"This," he said simply, "is Smiles."
They all arose, and Ethel stepped quickly forward with outstretched hands. She had told herself that she meant to be very kind to the little savage to whom her brother had taken such an astonishing fancy; but now, something in the slender form and the half-frightened expression in the pale, sweet face caused her to forget everything else except that the stranger was alone and ill at ease. Both her arms went out to Rose with a motherly gesture, and, as she drew her within them, she said, "Why, my dear child."
"Yes, she is a child," broke in Muriel, eagerly seizing one of Smiles' hands. "I thought that she was a grown-up woman; but see, she wears her hair down on her neck just like a school girl."
Let it be said that Miss Merriman had caught the note struck by Rose that morning, and had arrayed her to appear as young and simple as possible.
"A child? Of course she is," echoed Mr. MacDonald in a hearty voice. "My dear, Donald has told us so much about you that I feel almost as though I had known you all your life.
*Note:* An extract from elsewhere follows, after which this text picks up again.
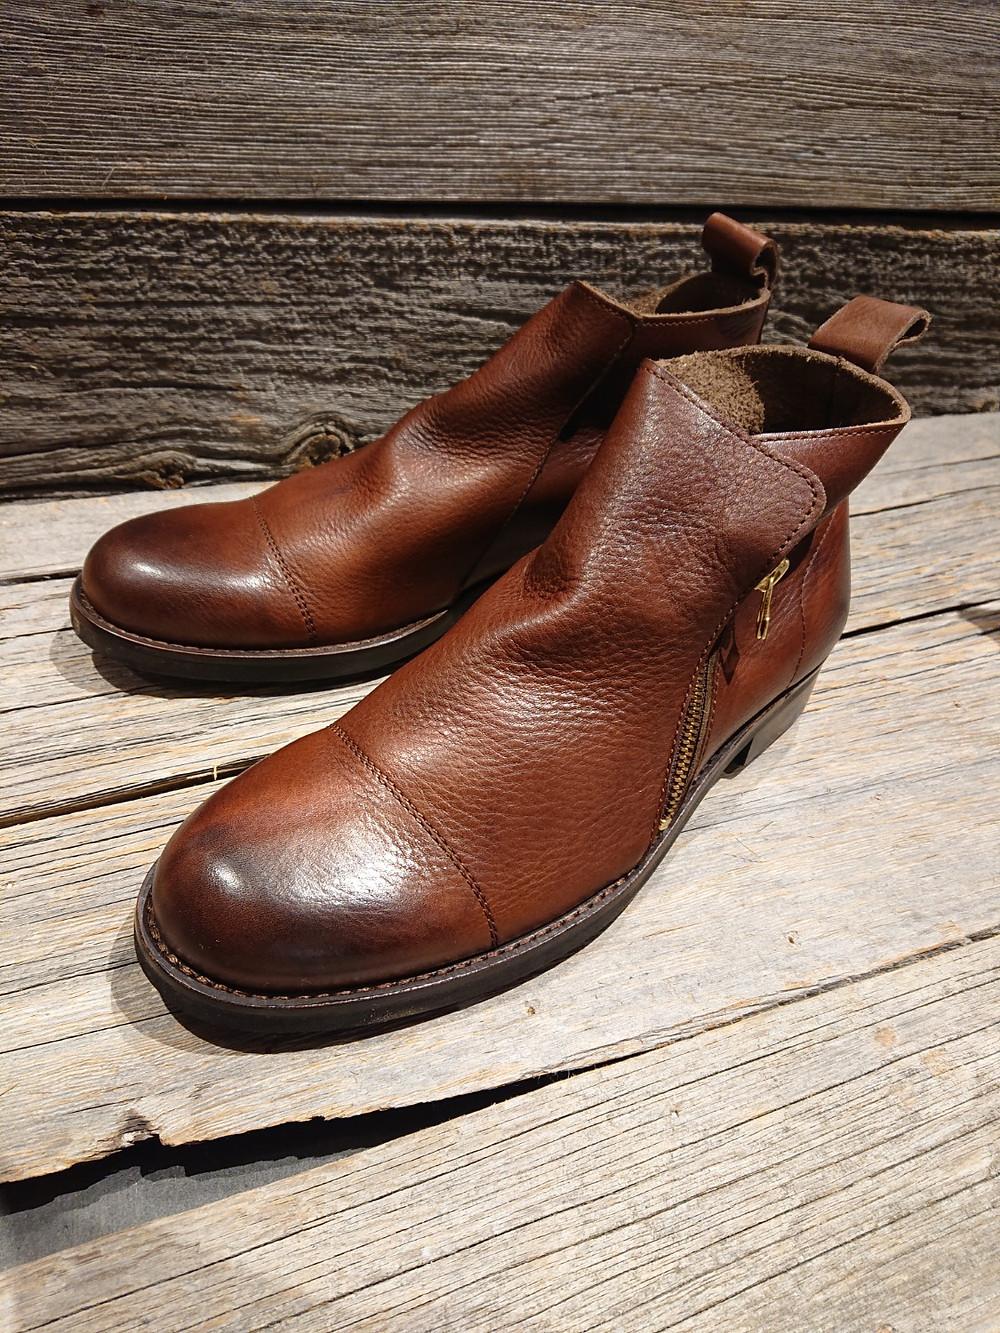 Master Craft Boots ブーツ 福岡

But," he added with little wrinkles forming at the corners of his kindly gray eyes, "I would like to have seen you, as my son did first, in that one-piece calico dress. He described the picture that you made very graphically."
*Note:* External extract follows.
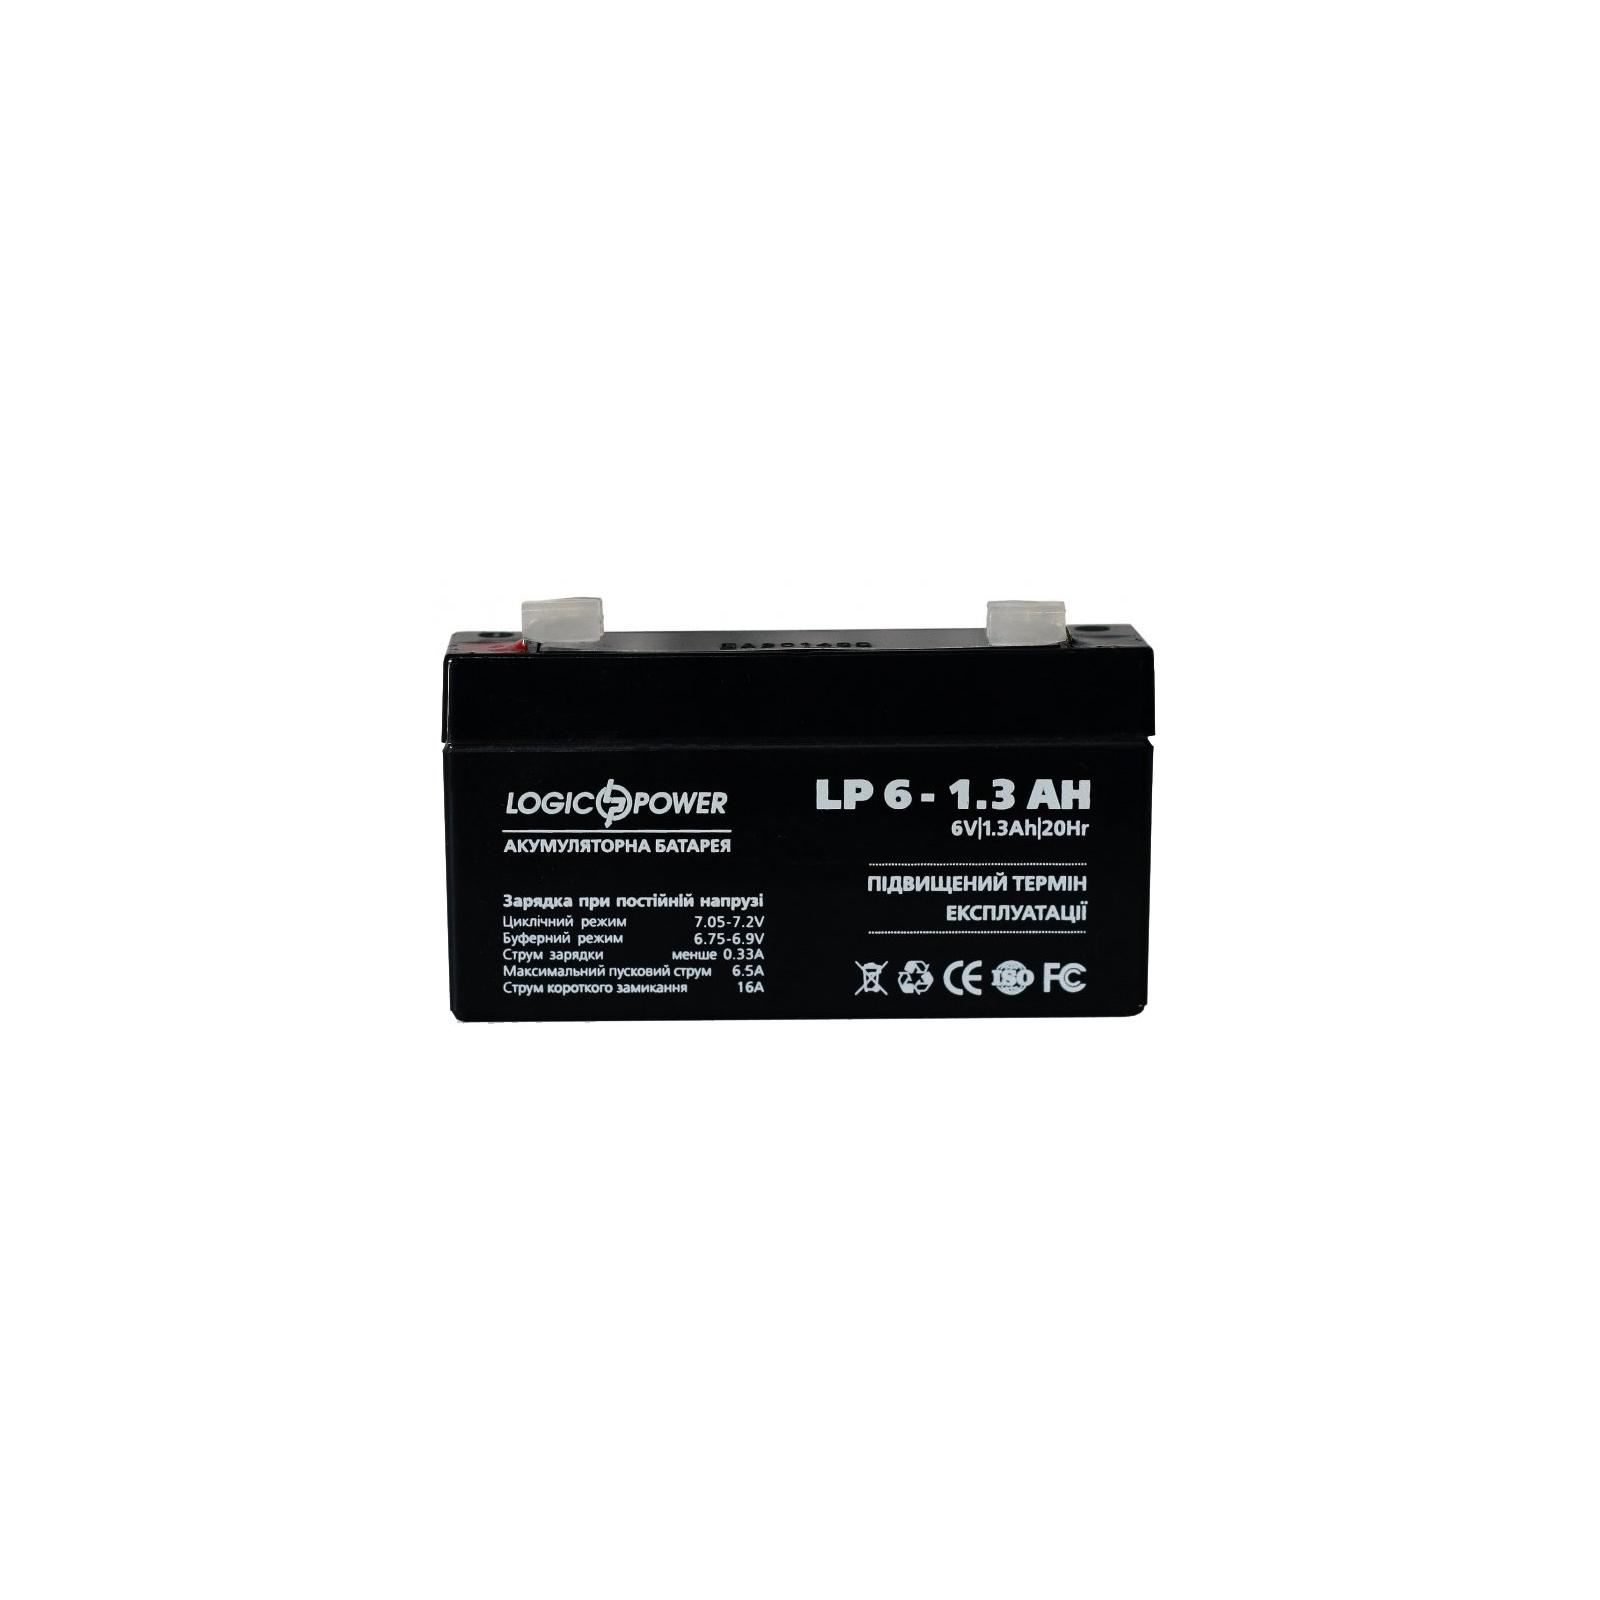 Батарея к ИБП LogicPower 6В 1.3 Ач (2673)

"Oh, look, mother. She's going to smile. Remember how pretty Uncle Don told us she looked when ..."
Rose's shyly budding smile changed to silvery laughter in which all the rest joined, and with it was sealed the bond of an enduring friendship. Then baby Don was brought down from the nursery for inspection and, before he had been contentedly curled in the newcomer's arms many minutes, he was actually trying to lisp "Mileth," which Ethel proudly pronounced to be the first articulate word in his vocabulary, if those universal sounds, which doting parents have ever taken to mean Mother and Father, be excepted. He liked it so well that he insisted upon repeating it over and over, with eyes screwed up tight and mouth opened very wide, which gave him so comical an expression that every one laughed, including himself.
Manlike, Donald had planned to get all the meetings over with at once, and had asked his sister to invite Marion in for afternoon tea and to meet his "protégé and prodigy"—as Ethel had phrased it in her invitation. He had, however, purposely refrained from mentioning the fact to Rose, and when Miss Treville entered, stately as a goddess, very beautiful and a trifle condescending in manner, as she extended her white-gloved hand and said, "So this is little Rose," the girl felt a sudden chill succeed the warmth of hospitality which had served to banish all her timid reserve, had brought a glow of happy color to her cheeks and a sparkle to her luminous eyes, and had made her as wholly natural as she would have been at home among her simple neighbors of the mountains.
Donald felt the psychological change, and sensed the reason for it; but although, in a clumsy manner, he did his best to restore the atmosphere of comradeship, he knew that he was failing. Marion also tried, and tried sincerely, to bring Rose into the conversation; but the girl had become embarrassed and silent, and to her own surprise the society woman vaguely realized that she, too, was embarrassed and not at her best. She tried to shake off the feeling with the thought that it was absurd that one who had been at ease in the presence of royalty should feel so in that of a simple mountain girl; but she could not wholly banish the feeling or the impression that the girl's deep, unusual eyes were looking down beneath the surface, which she knew was perfectly appointed—had she not, for no reason at all she told herself, taken special pains in dressing?—and that, although there was something of awed admiration in her frank gaze, it also held a suggestion of something which was not entirely approval. Donald felt it, too, and it irritated him; so much so that he was frankly glad when his fiancée announced that she must depart to attend a social engagement. Perhaps it was because he was ashamed of such a feeling that he kissed her with unusual warmth, as he handed her into the waiting motor car, and he found himself flushing deeply, without reason, when he returned to the drawing room and saw Rose standing by one of the windows, looking out at the departing limousine with its two liveried attendants.
"She is very beautiful," the girl whispered to him, as he joined her.